What the task asks: The response should repeat word for word every line below from the one with "Der Ringmauerturm in" to the one with "Ginger Miso Soup", inclusive, and nothing else; leave pictures out.

Working data:
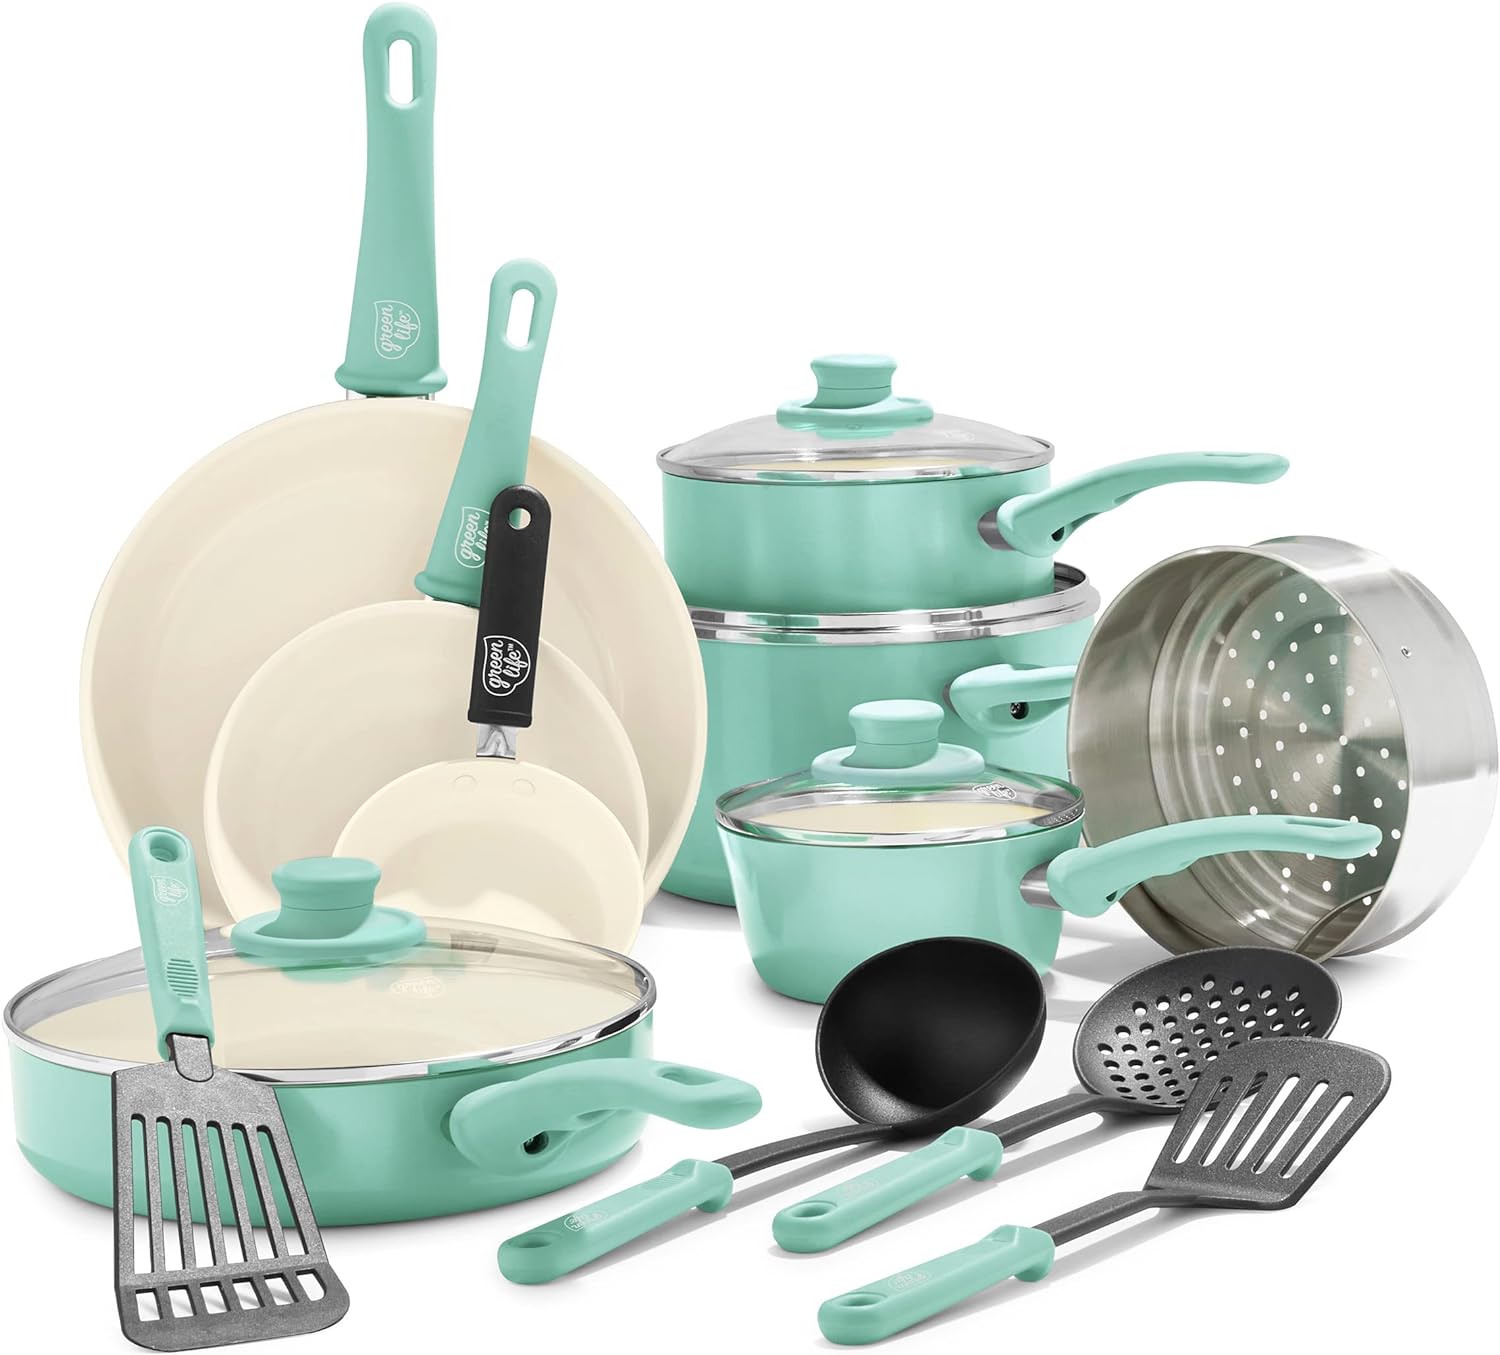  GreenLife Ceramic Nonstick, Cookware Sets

---

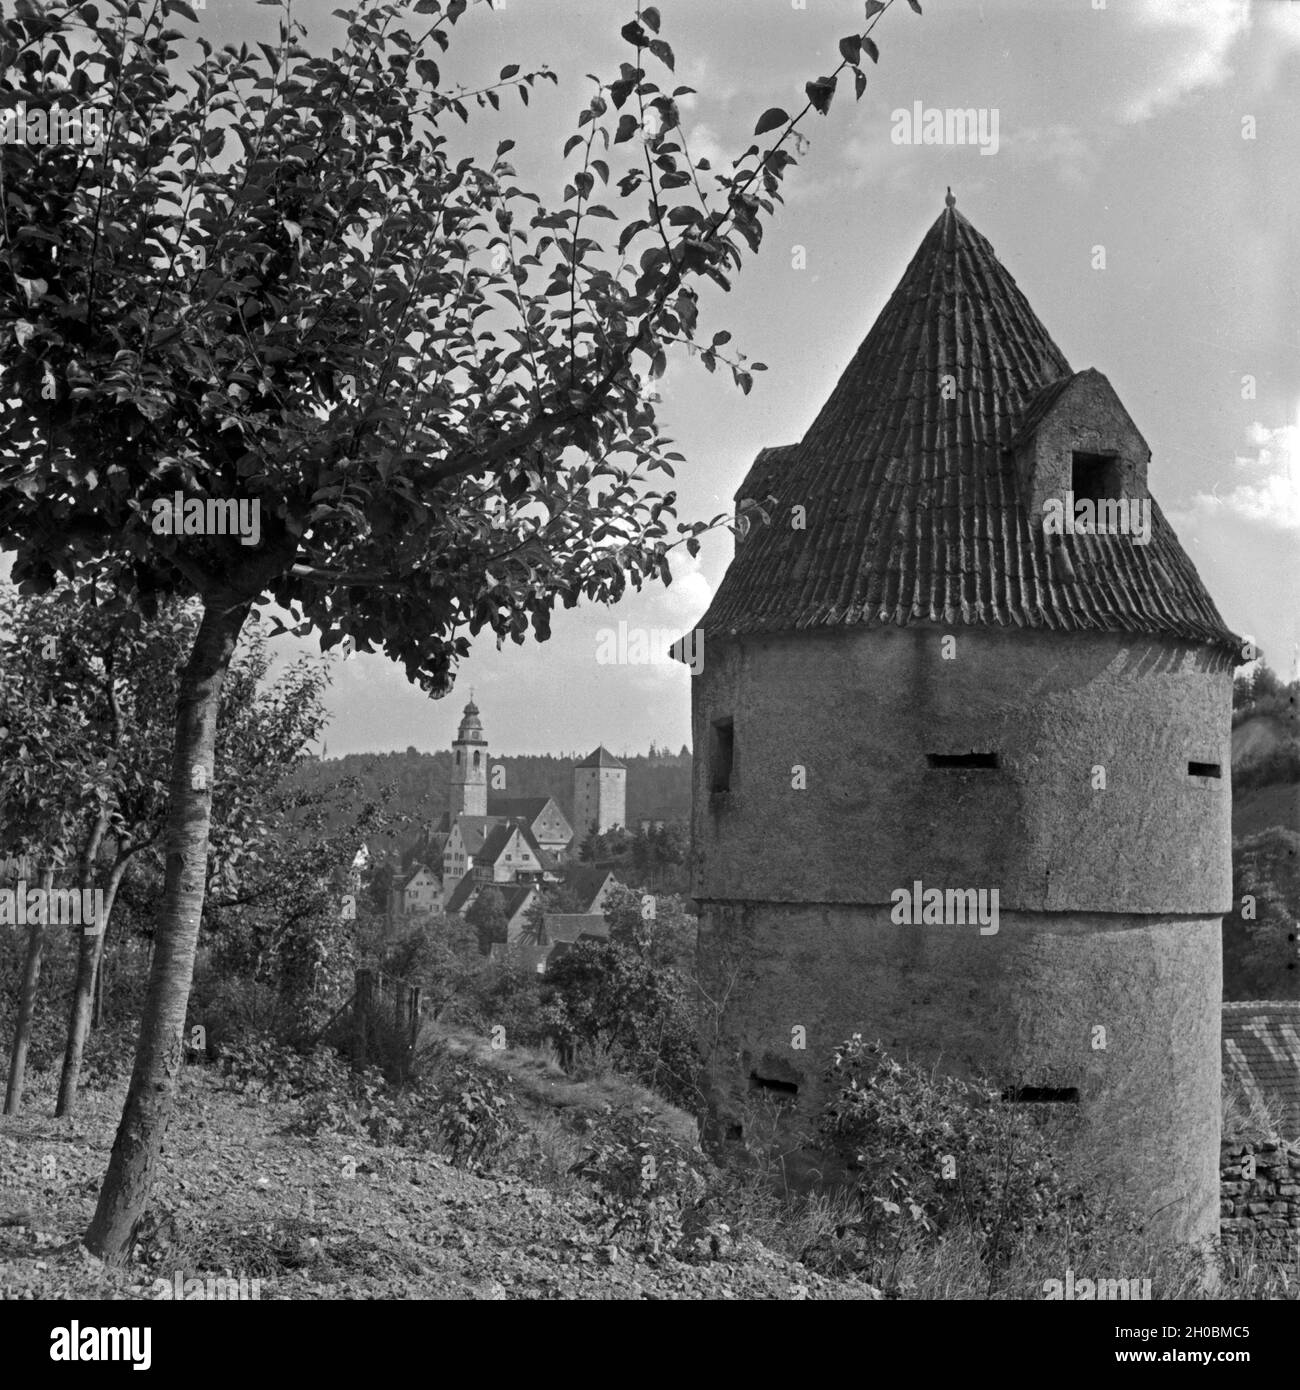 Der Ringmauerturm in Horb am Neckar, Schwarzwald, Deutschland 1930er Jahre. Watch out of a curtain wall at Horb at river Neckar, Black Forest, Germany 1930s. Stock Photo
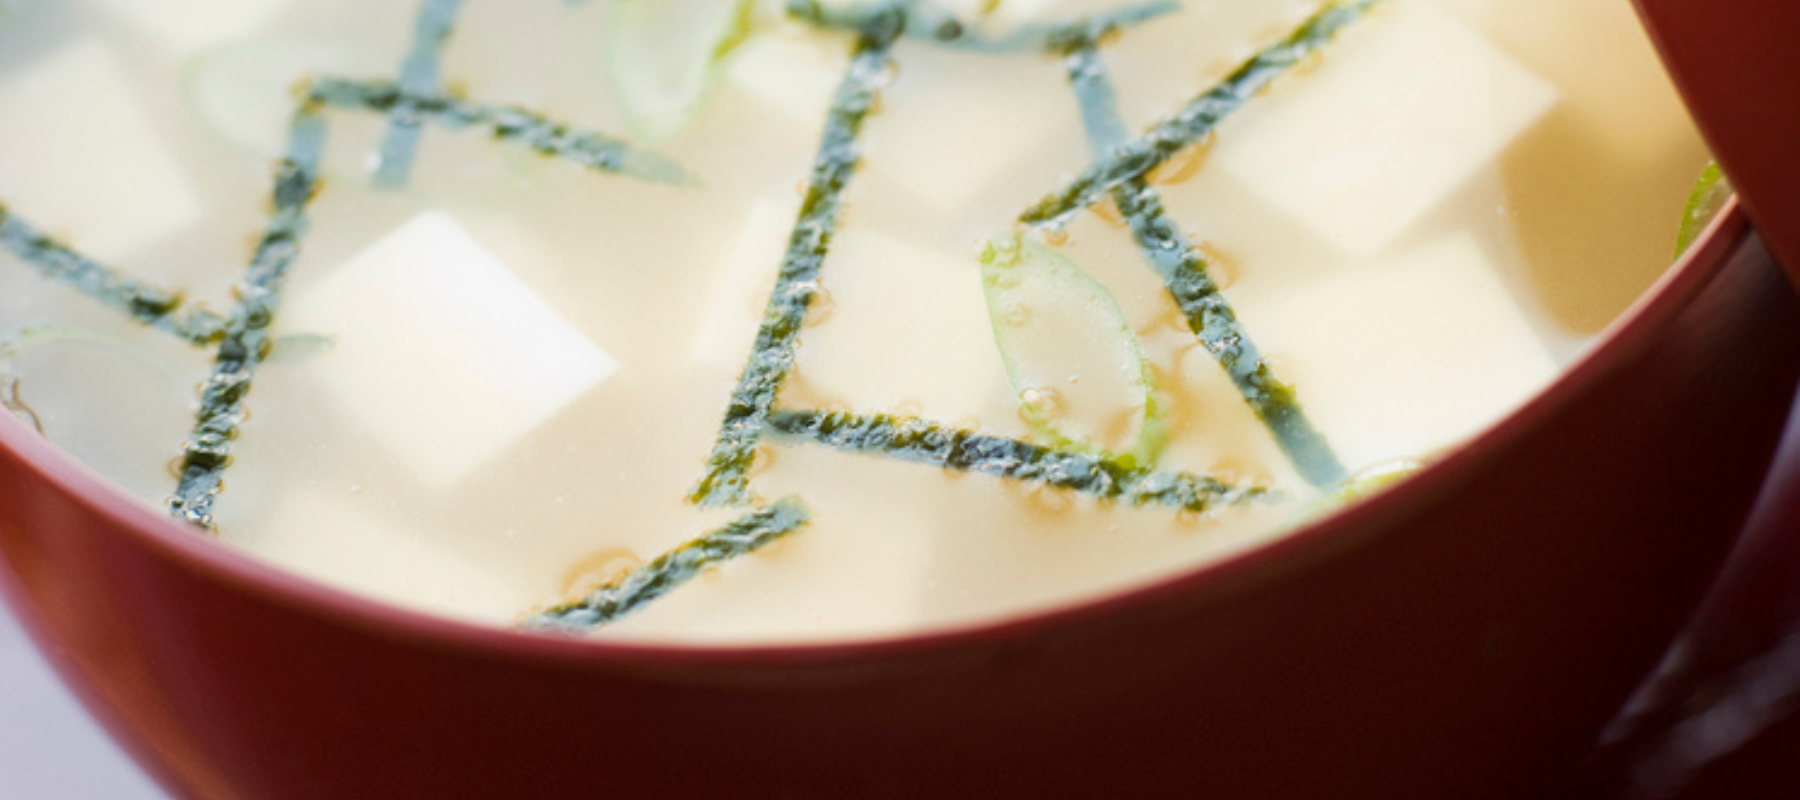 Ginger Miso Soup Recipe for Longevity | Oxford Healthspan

The completed task:
 Der Ringmauerturm in Horb am Neckar, Schwarzwald, Deutschland 1930er Jahre. Watch out of a curtain wall at Horb at river Neckar, Black Forest, Germany 1930s. Stock Photo
 Ginger Miso Soup Recipe for Longevity | Oxford Healthspan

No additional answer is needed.